Memur, işçi, emekli yurttaş çoğunluğu akçalı güçlükle kıvranırken Saray’ın lüks ve şatafatları, gösterişli yurtiçi ve yurtdışı gezileri, uçaklar, taşıtlar, çalışanlarla konuk sayılarının kabarıklığı tepkilere neden olmaktadır. Yurttaşların giderek büyüyen değişik güçlük ve sıkıntılarına çözüm yerini siyasal söylemlerle siyasal kabadayılığa ve gösterilere ağırlık verilmesine katlanmak beklenmemelidir. Yalana, dolana, abartıya, kavgaya, çirkinliğe karşıtlık toplumsa1 düzeyin göstergelerinden biridir.

Toplumsal barışın kaynağı ve dayanağı yurttaşların karşılıklı erdemli davranışıdır. Yaşamı çekilir kılan öğelerin başında güven, sevgi ve saygı gelir. İlişkilerinde bu değerlerden uzaklık ve yoksunluk bireyleri güçsüz ve niteliksiz kılar. Ama özellikle siyasal ortamdan kaynaklanan gerginlik ve karşıtlıklar, beklenen ve yaraşır olan dayanışmayı hemen kaldırır. Yaşamın güzellikleri, tadı ve yararlı etkileri anlayışsızlık ve kimi kişisel yanlışlıklarla geçersiz duruma düşer. Nedense kişisel ilişkilere gereken değeri vermiyor, özen göstermiyoruz. Bir birimizi kırmaktan kaçınmıyor, çekinmiyoruz. Özellikle siyasal nedenlerle karalamak ve kötülemek için her yola başvuruluyor.

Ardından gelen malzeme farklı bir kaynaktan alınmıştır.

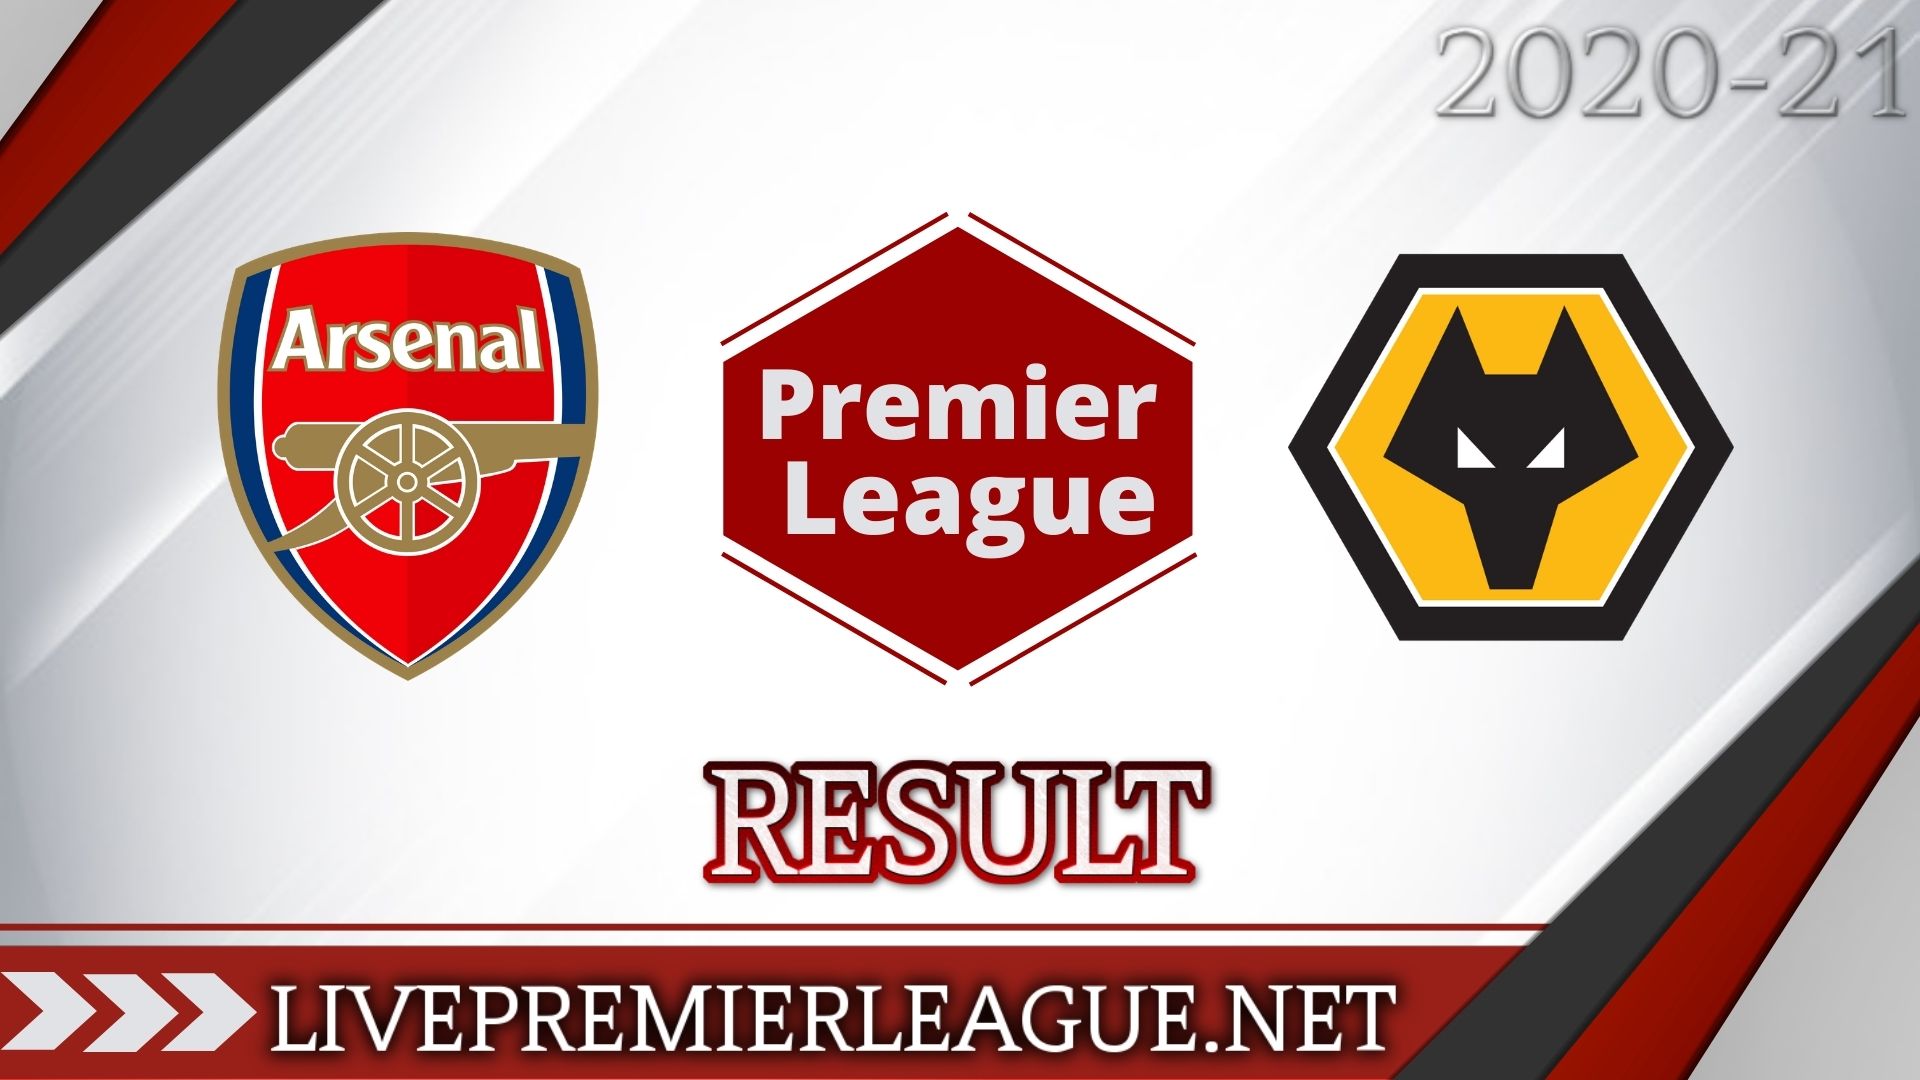 Arsenal Vs Wolverhampton Wanderers | Week 10 Result 2020

Olmadık nedenlerle karalamak için yalan söylenip yalan yazılabiliyor. Kendilerine ve görüşlerine katılmayanları, kendilerine yüz vermeyenleri, önemsemeyenleri, uşaklık ve uyduluklarını kınayanları, tutum ve davranışlarıyla utandıranları, örnek ve saygın kişilikleriyle, erişemeyecekleri düzeyleriyle kıskandıklarını gerçekdışı tutum ve davranışlarla karalayıp suçlamak hastalığı kimilerinin onulmaz nitelikleridir.

Özellikle siyasetin hortumlarıyla beslenip şımaranlar, yanlarına yaraşamıyacakları kimseleri yalan-dolanlarla karalayıp kötülerler. Bakılacak yüzü, sıkılacak eli olmayan sakıncalılar, dışlanan yüzsüzler ve yalakalar yaklaşamayacakları değerli kişilerin duyurduğu eziklikle paslı dillerini, kirli kalemlerini saldırılarının aracı olarak kullanırlar. Toplum yaşamını karartan bu tür eylemler çoğunlukla siyasal karşıtlık ya da yandaşlığın getirdiği bozukluklardır.

BAŞSAĞLIĞI

Niksar’da karşı komşumuz ve okul arkadaşlarım Mehmet ile Saliha’ nın kardeşi Prof. Ahmet AKSOY’un vefatını üzüntüyle öğrendim. Kendisine Tanrıdan engin rahmet, yakınlarına ve sevenlerine başsağlığı dilerim.